12. Transfers of Personal Data
Upon a written Customer request, Akeyless will analyze all relevant implications and will provide the Customer with the economical, technical and operational ramifications of such request. After the Customer’ acceptance of the terms provided by Akeyless, the transfer of the Customer’s personal data can occur to a mutually agreed location.
13. Termination of the DPA
This DPA shall continue in force until the termination of the Agreement (the “Termination Date”).
14. Return or Deletion of Customer Data
Customer wishing to delete Customer Data may approach Akeyless customer service in writing at least 14 working days in advance. Up to the Termination Date, Customer will continue to have the ability to retrieve or delete Customer Data in accordance with this Section.
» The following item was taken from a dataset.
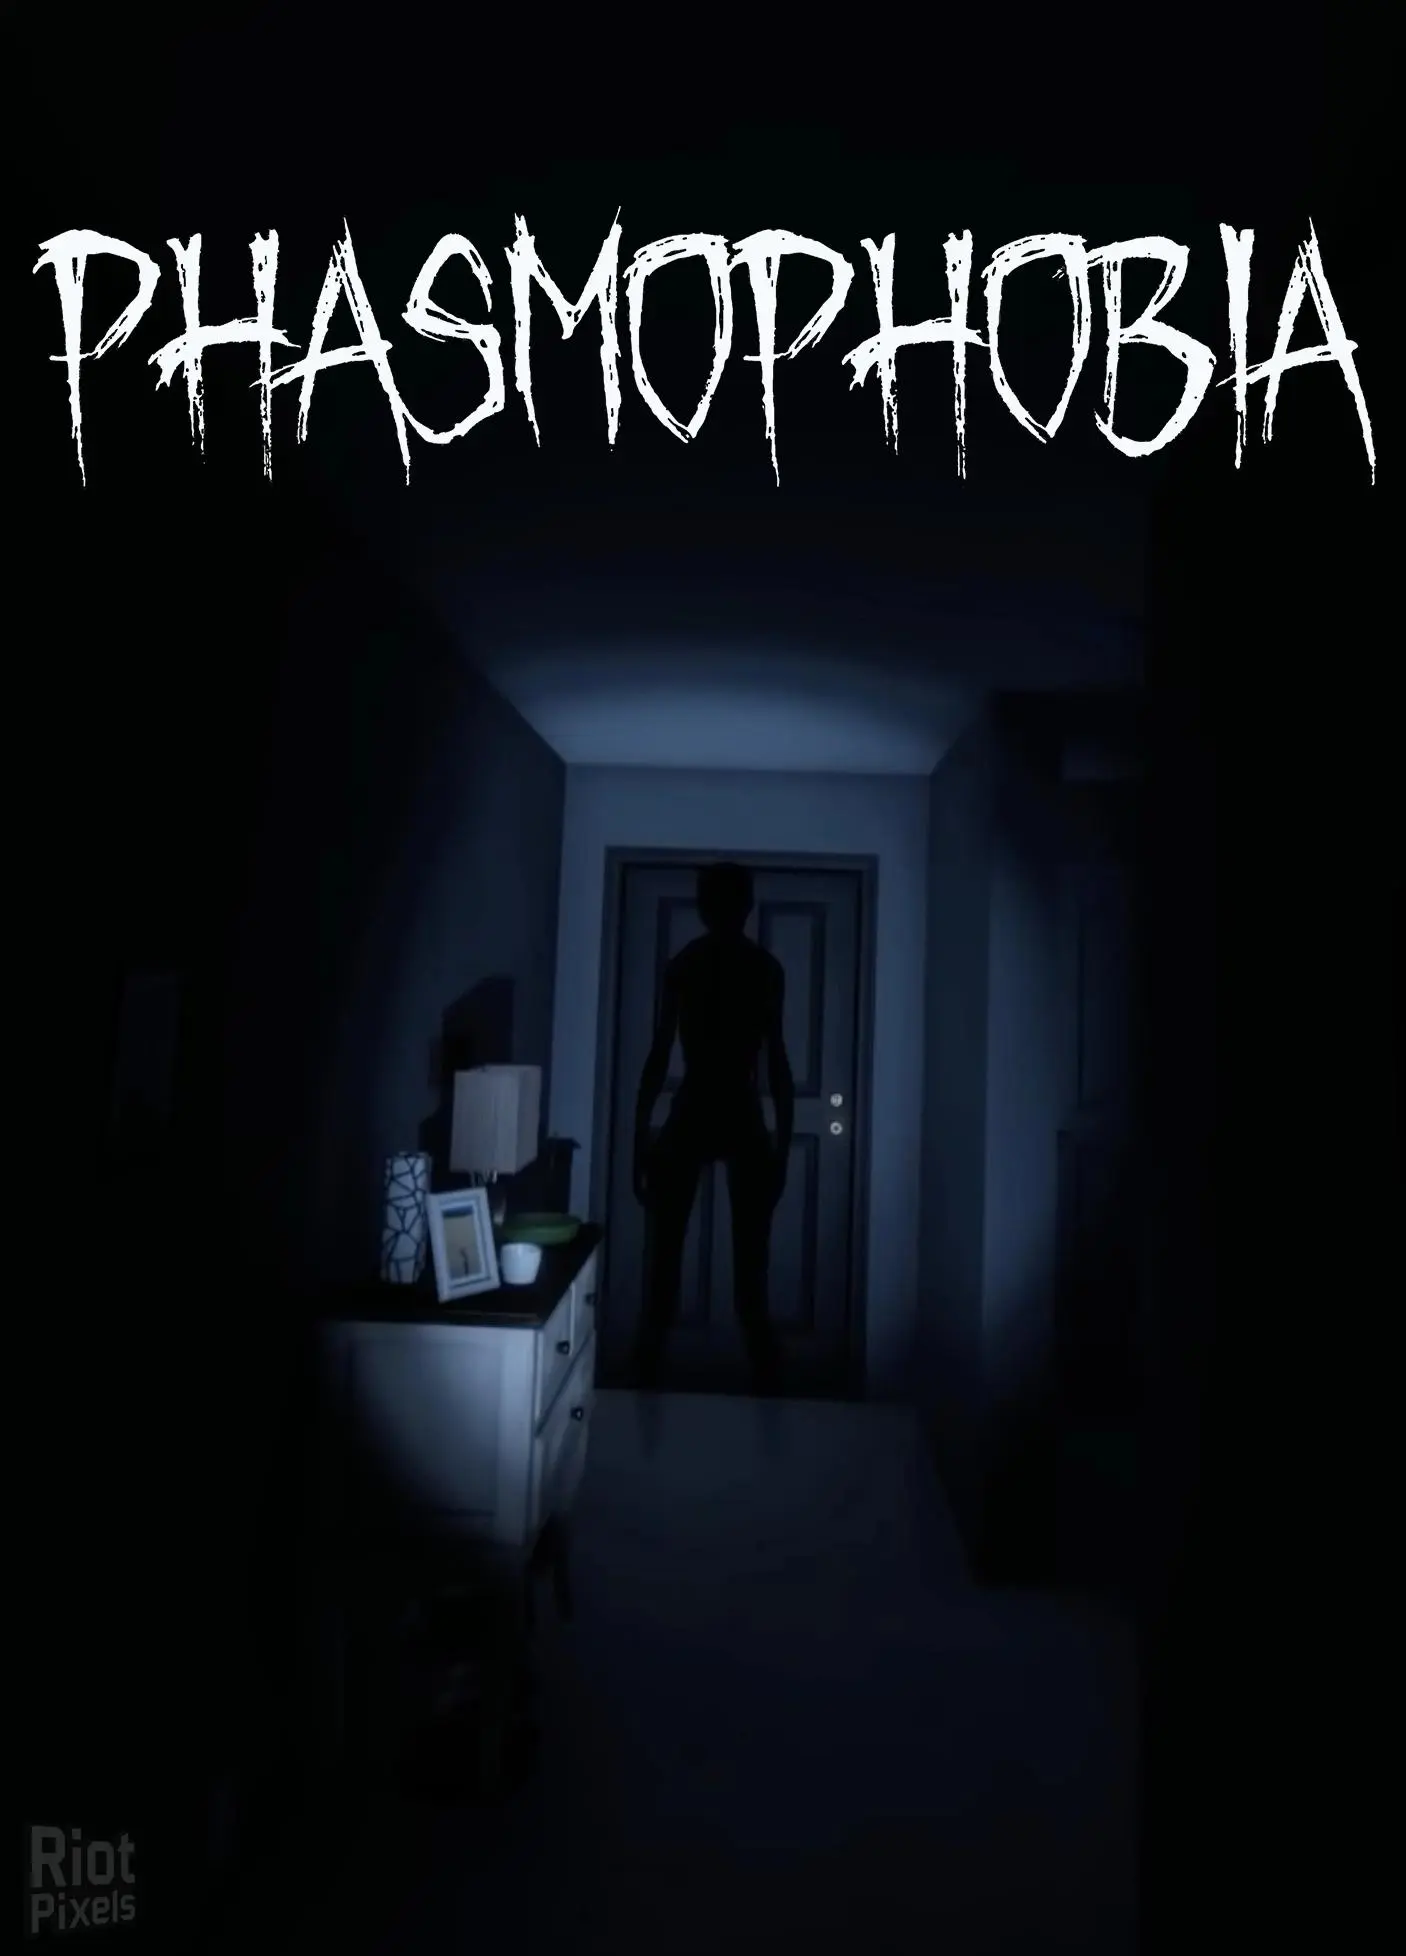 Phasmophobia (PC) - Steam - Digital Code

For 30 days following the Termination Date, Customer may retrieve or delete any remaining Customer Data from the Services, subject to the terms and conditions set out in the Agreement, unless prohibited by law or the order of a governmental or regulatory body or it could subject Akeyless or its Affiliates to liability. No later than the end of this 90 day period, Customer will close all Akeyless accounts. Akeyless will delete Customer Data when requested by Customer by using the Service controls provided for this purpose by Akeyless.
15. Duties to Inform
Where Customer Data becomes subject to confiscation during bankruptcy or insolvency proceedings, or similar measures by third parties while being processed by Akeyless, Akeyless will inform Customer without undue delay, provided that Akeyless is involved in the abovementioned proceedings. Akeyless will, without undue delay, notify all relevant parties in such action (e.g. creditors, bankruptcy trustee) that any Customer Data subjected to those proceedings is Customer’s property and area of responsibility and that Customer Data is at Customer’s sole disposition.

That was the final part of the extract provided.